Editorial disclaimer
Editorial noteThis entry documents observable design-language patterns for educational transfer and AI-agent briefing. Screenshots and trademarks are property of their respective owners. AI2 Design is not affiliated with or endorsed by the featured brand. Inspiration here is about language and rhythm — do not reproduce brand identity, logo, product copy, or proprietary features.
Curator verdict
Why we catalogued it?
Zendesk's marketing page is the lesson in how a 17-year-old SaaS rebrands without breaking its enterprise spell. We catalogued it because it walks the tight wire between corporate credibility and 2026 warmth — illustrated icons that feel hand-drawn, a palette that whispers rather than shouts, and a narrative scroll that earns its length. If you're scaling a B2B product past its first redesign, this is the safe house.
Design decisions observed
- Soft authority — Zendesk leans on cream backdrops and stable serif moments to signal heritage, then layers in pastel accent waves to keep it from feeling boardroom.

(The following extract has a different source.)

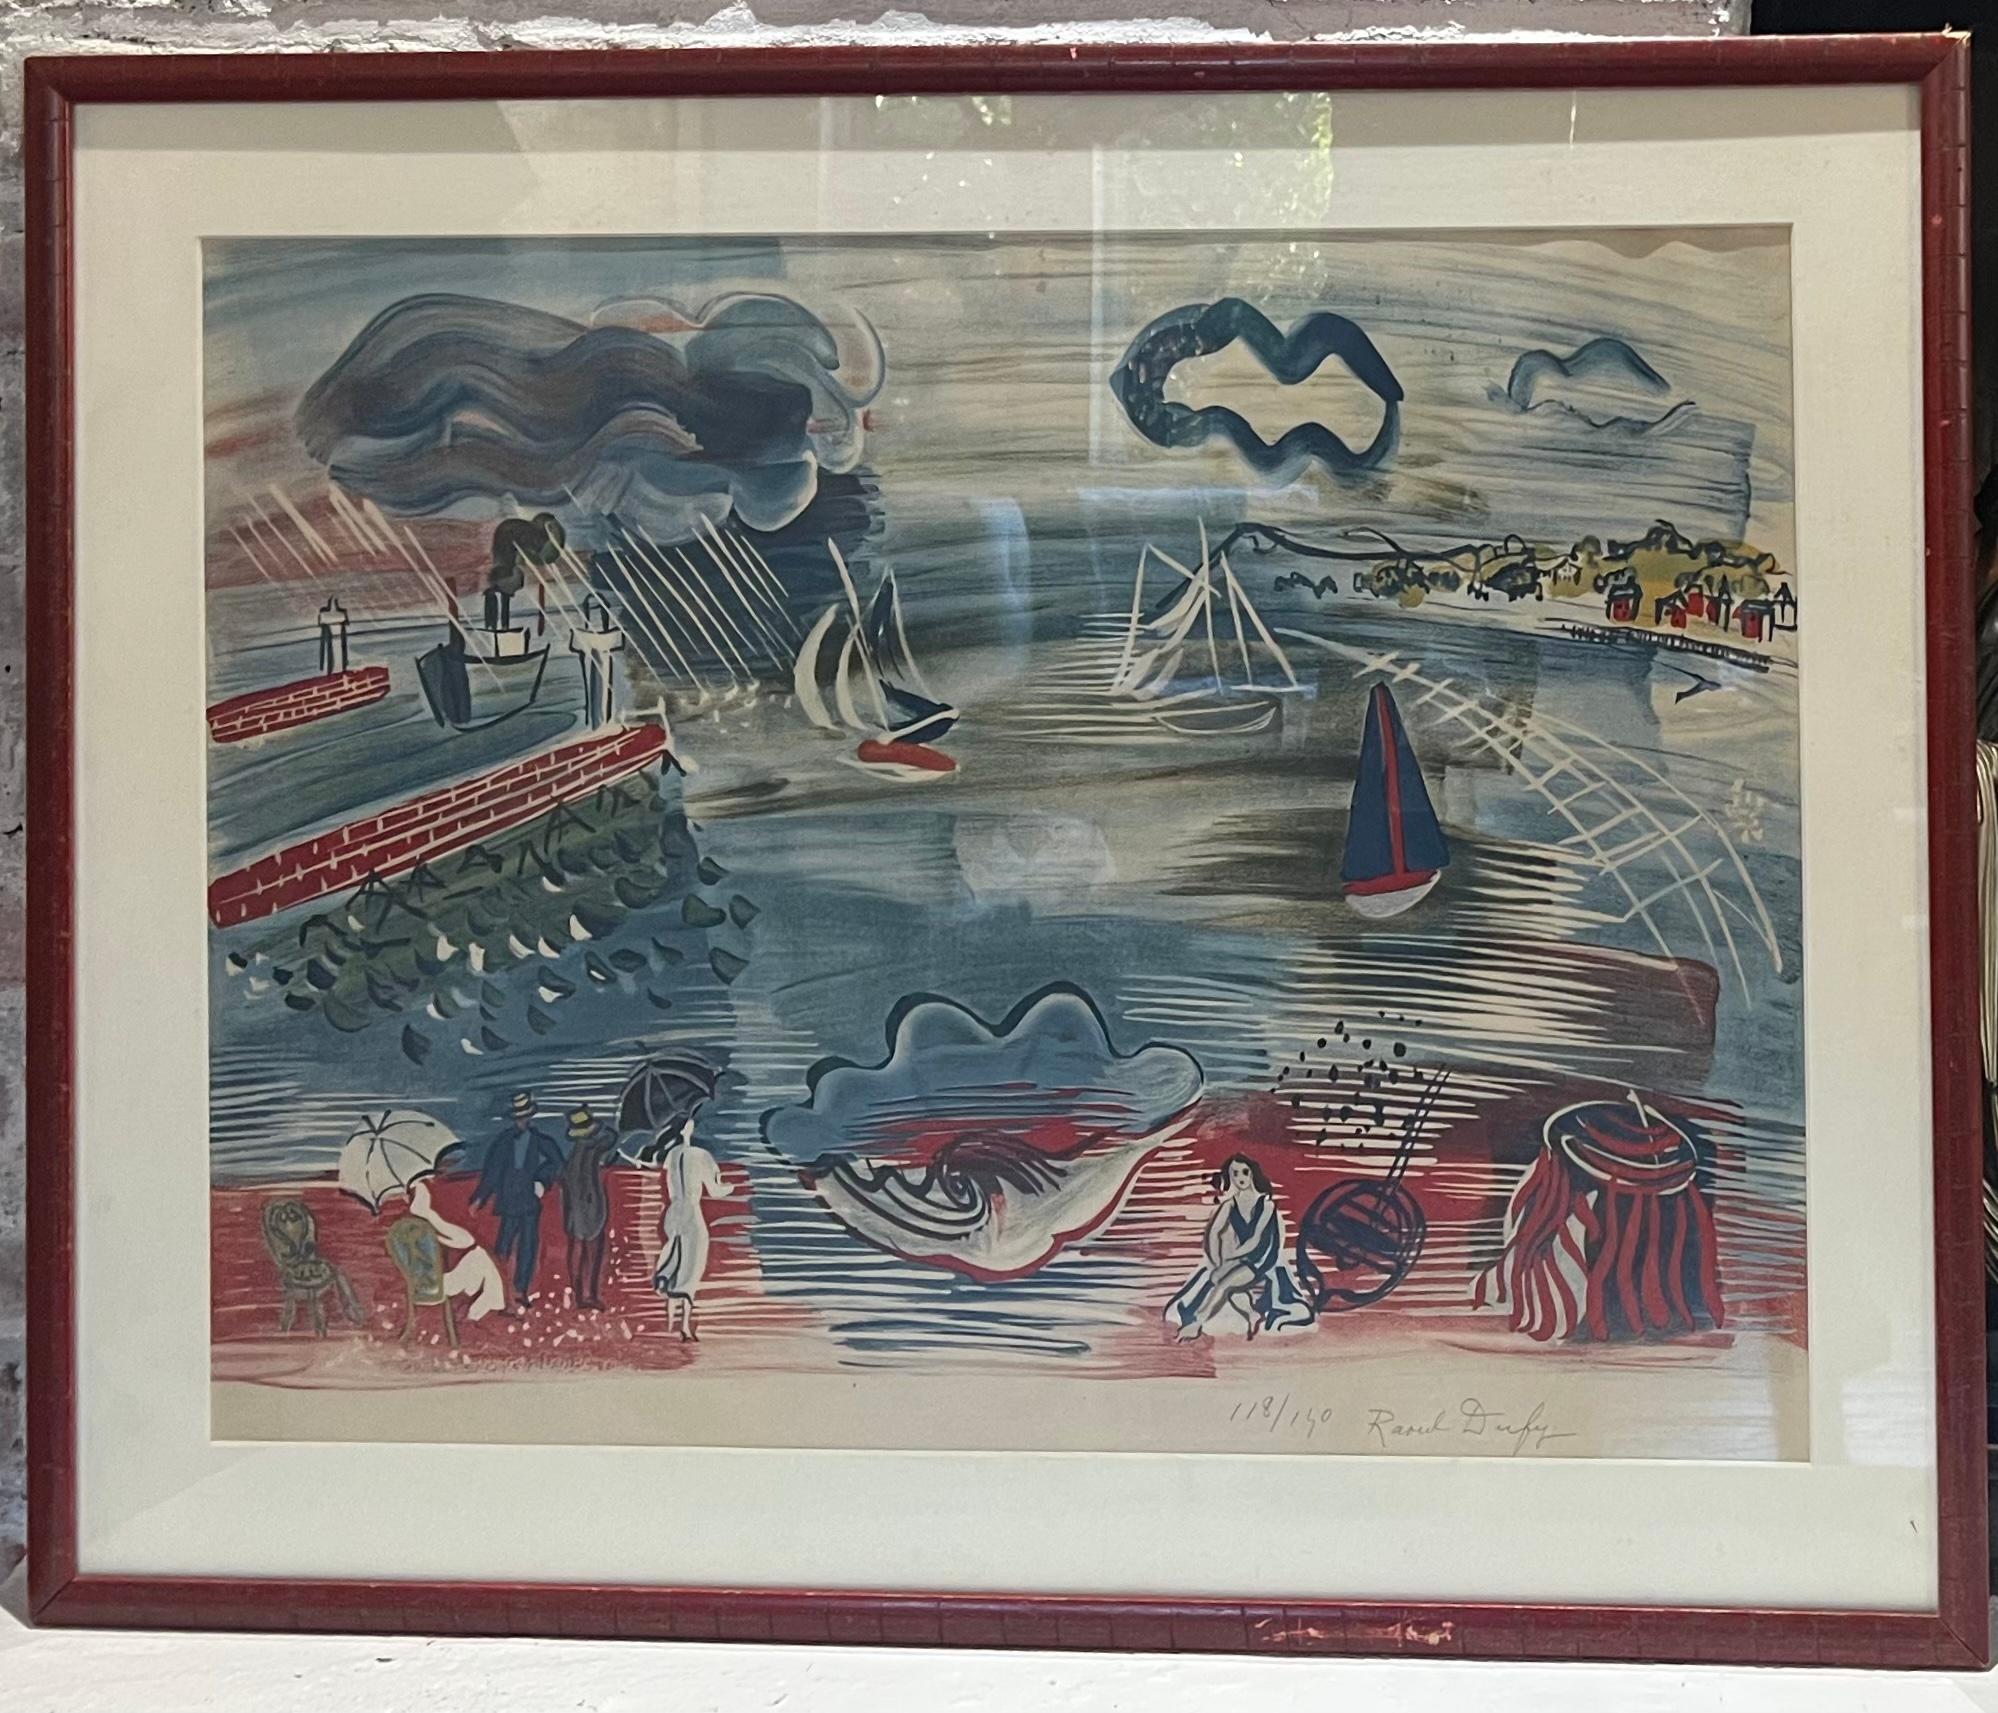 LOWEST $ DIB Post Impressionist “LE HAVRE” Lithograph 1930 Figures and Seascrape - Print by Raoul Dufy

- Illustrated trust signals — every section earns a small bespoke icon set, never stock imagery. The hand of an illustrator anchors a category usually owned by stock photography.
- Long-scroll narrative — the page is unapologetically tall. Each section is a chapter with its own visual key, paced for executive scanning rather than dev-tool brevity.
- Restrained motion — fades and gentle slide-ins, no spring drama. Enterprise readers don't want their decision interrupted by choreography.
What to study
- How Zendesk earns trust without 80s blue-chip cues — warm neutrals, soft greens, and editorial pacing replace the usual cold corporate stack.
- Section pacing for long marketing pages — every chapter has its own background tone shift so the eye never feels lost.
- Illustrated iconography as a brand-defining asset — bespoke beats stock photography for category authority, even at enterprise scale.
What to avoid
- Don't lift Zendesk's section length into a SaaS targeting bootstrappers — the scroll cost only pays back when your buyer is procurement-led.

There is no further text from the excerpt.